That's true now more than ever up on Wall Street, where the investing classes hang on his every word these days as they continue to come to grips with the dangers of a sub prime contagion that was never contained.
Of course, to the set of value investors that have been following Warren Buffet's investment principles for years, all of this renewed attention probably comes as no surprise at all. There is a reason after all that he's called the Oracle of Omaha.

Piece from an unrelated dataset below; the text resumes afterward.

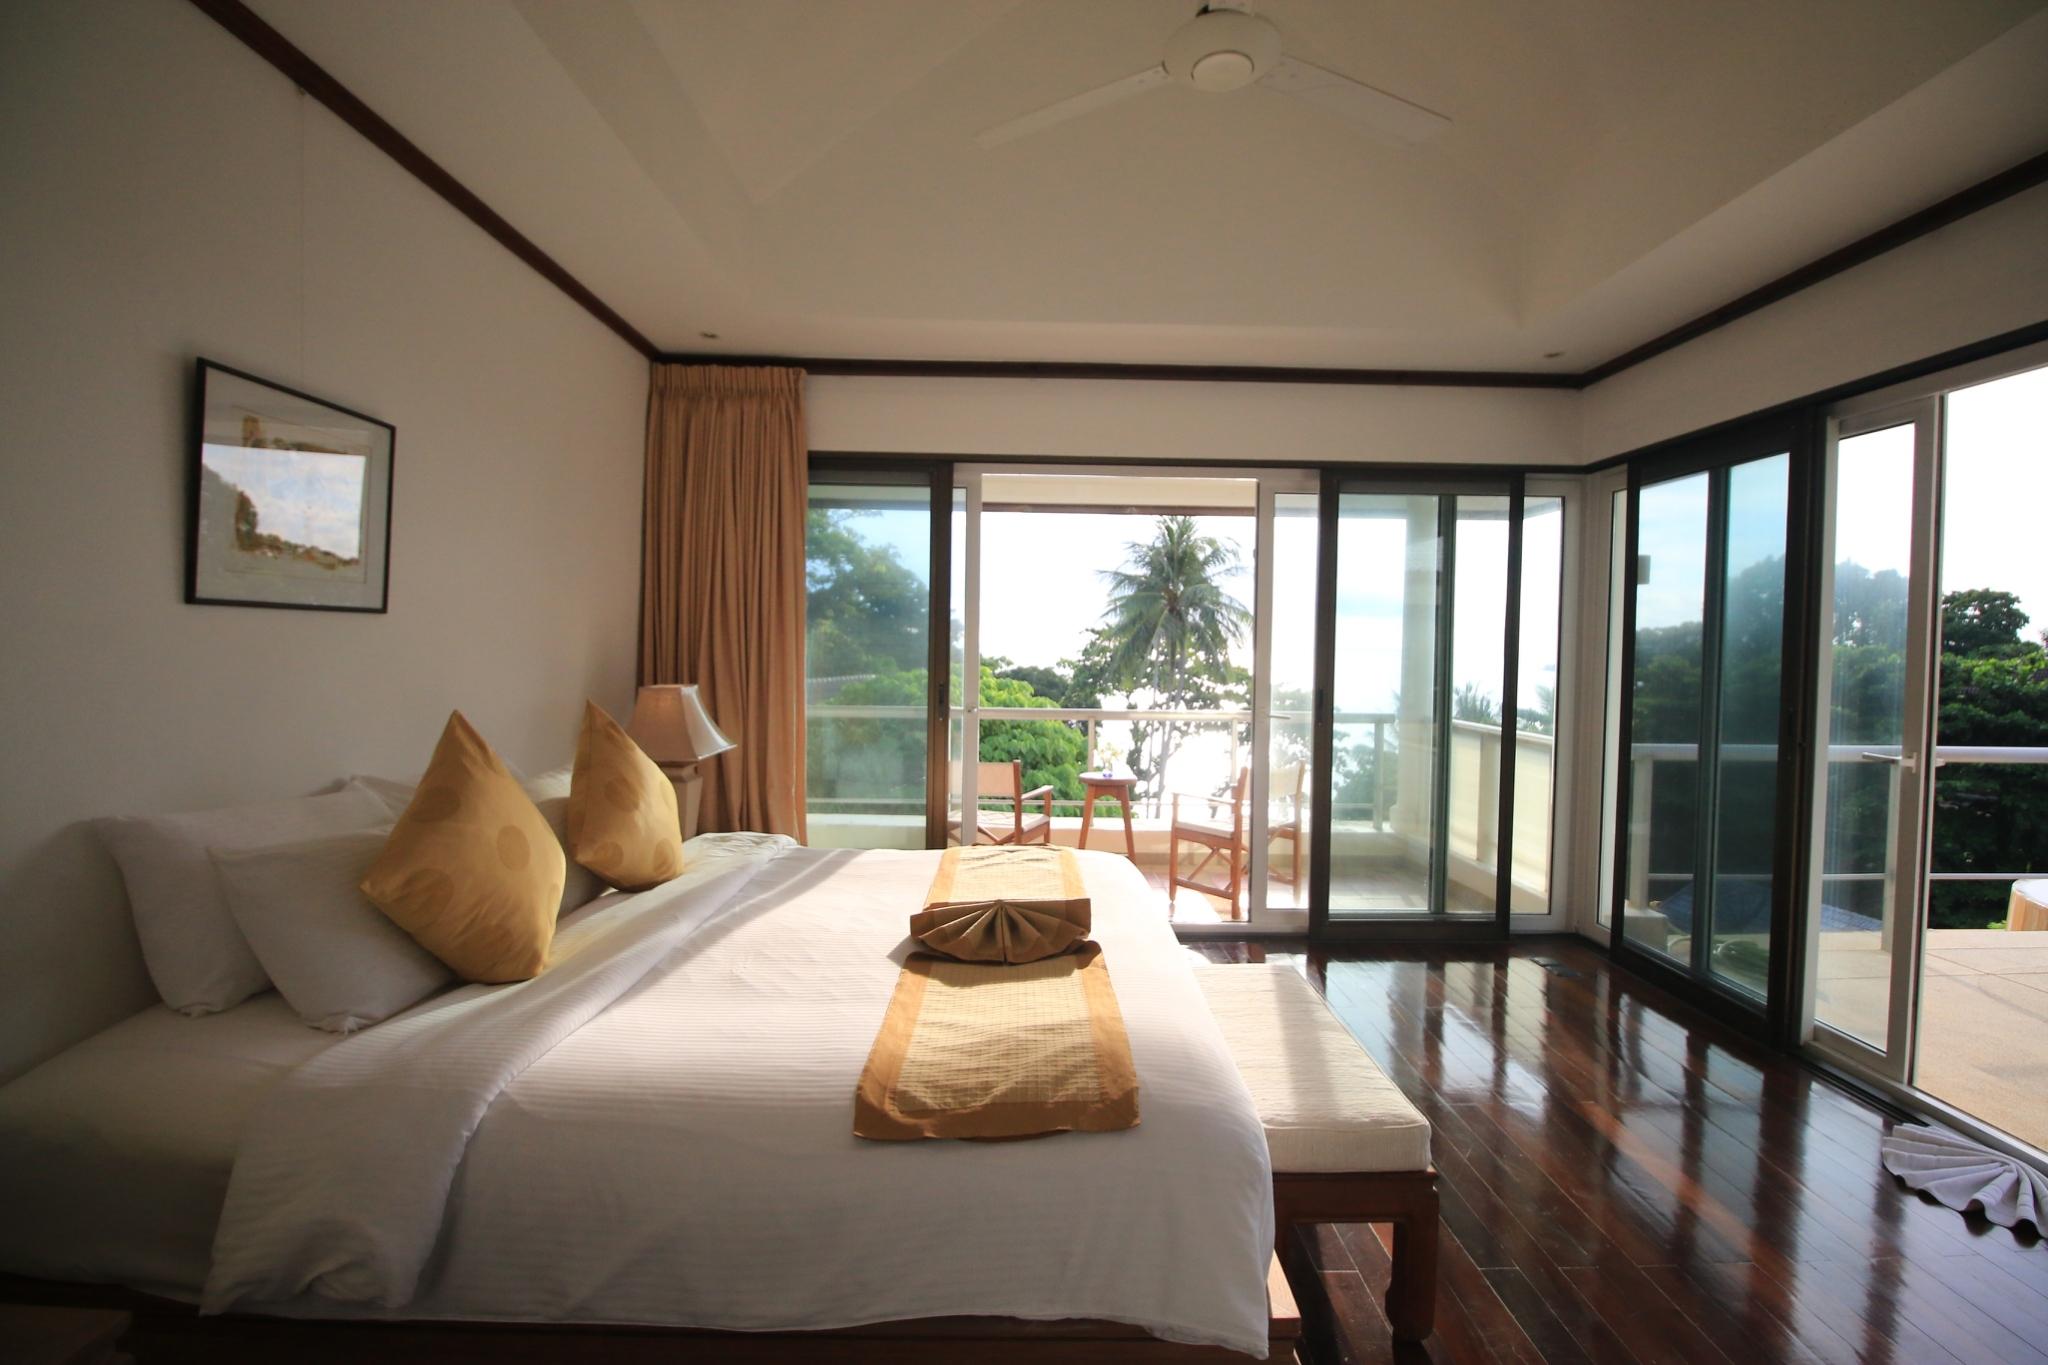 Baan Kata ocean 3 bedroom villa with private pool

But with the mortgage related mess now threatening to take the markets even lower, and investors of every stripe looking for a savior, Warren Buffett's billions, and his stellar reputation, may be just the answer that the markets are looking for.
And while Saint Warren certainly isn't going to save the market from all of its excesses, (not even he has that much money) he may just be able to bailout the only portion of the bond insurance market that is worth saving. That alone would be likely be enough to bring the markets back from the current abyss.
Warren Buffett to the Rescue
In fact, just two days ago the mighty weight of the Buffett Brand was on full display, when he called Becky Quick and the gang on Squawk Box for a little chat. The Dow futures, by the way were solidly in the red at the time.
It was during this chat that Buffett revealed that the his company had approached the three largest bond insurers last week - Ambac Financial Group Inc. (NYSE:ABK), MBIA Inc.(NYSE:MBI) and FGIC Corp.--offering to reinsure about $800 billion in municipal bonds in order to allow them to maintain their triple "AAA" ratings.
Of course, at the very moment he uttered those words the futures staged a big comeback going green to the tune of 72 points in an instant.
That green tide, not surprisingly, carried on into the day's trade as the markets rallied on mere hope of a Buffett solution, even though it was nothing more than a proposal. And in fact, one of the three troubled insurers had already turned him down, which wasn't surprising considering that he was basically asking them to fall on their swords.
Nonetheless, investors were warm to the idea of a Buffett solution, hopeful that it could alleviate one of the major market fears that have weighed heavily on the financial markets. "This would just eliminate one major cloud from the market," said Buffett on the call, and the Street agreed.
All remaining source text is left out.